Trois questions sur le procès du "comptable" d'Auschwitz
Agé de 93 ans, l'ancien nazi Oskar Gröning est jugé à partir de mardi en Allemagne, pour complicité aggravée dans la mort d'au moins 300 000 personnes entre mai et juillet 1944.
C'est peut-être le dernier procès d'un ancien nazi, soixante-dix ans après la libération des camps de concentration. Oskar Gröning, un veuf de 93 ans, est jugé à partir de mardi 21 avril à Lunebourg (Allemagne) et jusqu'au 29 juillet. Engagé dans les Waffen SS en 1941, il est surnommé le "comptable" d'Auschwitz (Pologne), où il a travaillé dans l'administration de 1942 à 1944.
Francetv info fait le point sur ce procès en trois questions.
Pourquoi est-il jugé maintenant ?
Revenu vivre en Allemagne après la guerre, l'ancien comptable ne s'est jamais caché. Avant d'être rattrapé par la justice, il a même longuement raconté dans la presse et à la télévision son passé à Auschwitz, expliquant vouloir "combattre le négationnisme". "J'étais un petit rouage. Si vous qualifiez ça de culpabilité, alors je suis coupable", expliquait-il au Spiegel en 2005.

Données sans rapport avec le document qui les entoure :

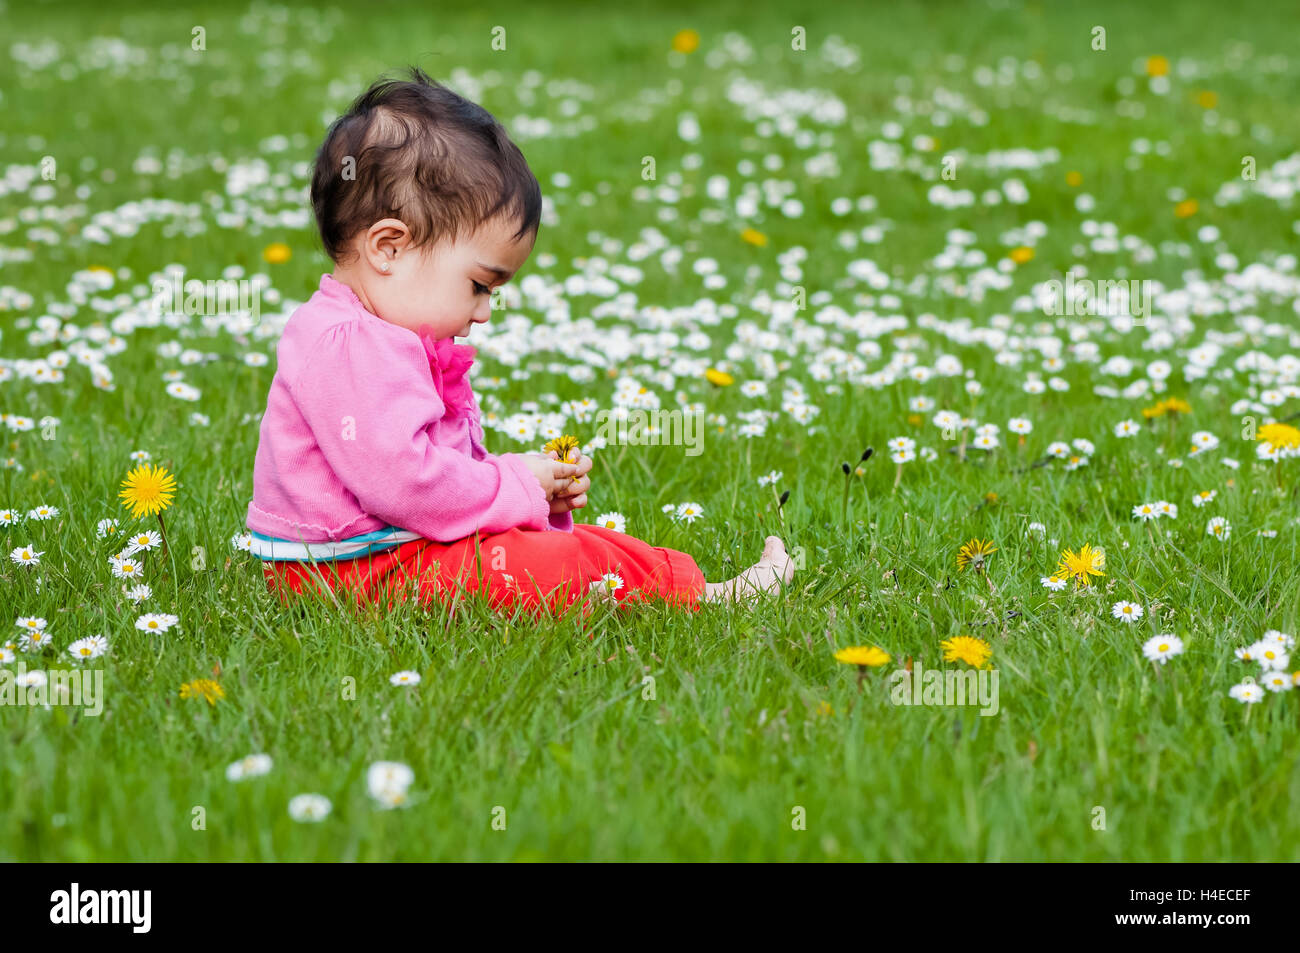 Carino chubby toddler guardando un fiore a margherita curiosamente esplorando la natura all'aperto nel parco Foto Stock

Son procès illustre la sévérité accrue de la justice allemande à l'égard des anciens nazis, depuis la condamnation en 2011 de John Demjanjuk, ancien gardien du camp de Sobibor (Pologne), à cinq ans de prison. Une condamnation basée sur sa seule fonction au sein de ce camp où sont morts plus de 27 000 juifs, sans preuve d'actes criminels précis.
Que lui reproche-t-on ?
Le nonagénaire est poursuivi pour "complicité de 300 000 meurtres aggravés". La justice l'accuse d'avoir contribué à la mort dans les chambres à gaz de 300 000 juifs hongrois déportés entre mai et juillet 1944 vers le camp d'Auschwitz, en Pologne occupée, devenu le symbole mondial de la Shoah.
Pour sa défense, Gröning jure n'avoir "jamais donné une gifle" à quiconque. Le parquet ne l'accuse d'ailleurs d'aucune violence directe, mais lui reproche d'avoir trié les devises des déportés qui devaient ensuite être réintroduites dans l'économie du Reich et d'avoir assisté au moins une fois à la "sélection" séparant, à l'entrée du camp, les déportés jugés aptes au travail de ceux qui étaient immédiatement tués.
En "gardant les bagages" du précédent convoi pour les soustraire aux yeux des nouveaux arrivants, le jeune sergent a évité un mouvement de panique et sciemment favorisé une mise à mort sans heurts, affirme le parquet.
Des faits qui font, selon l'accusation, d'Oskar Gröning un "rouage" de l'extermination. Une position partagée par certains rescapés. "Ce que j'espère entendre, c'est qu'avoir contribué à une machine de mort (...) est un crime. Ainsi, à l'avenir, plus personne ne pourra faire ce qu'il a fait en se prétendant innocent", confie Hedy Bohm, survivante d'Auschwitz venue de Toronto (Canada).
Que risque-t-il ?
Pour ces faits, Oskar Gröning encourt trois à quinze ans de prison. Certaines parties civiles ont cependant fait connaître leur préférence pour une peine plus adaptée à son âge, comme des "travaux d'intérêt général pour raconter son passé dans les écoles".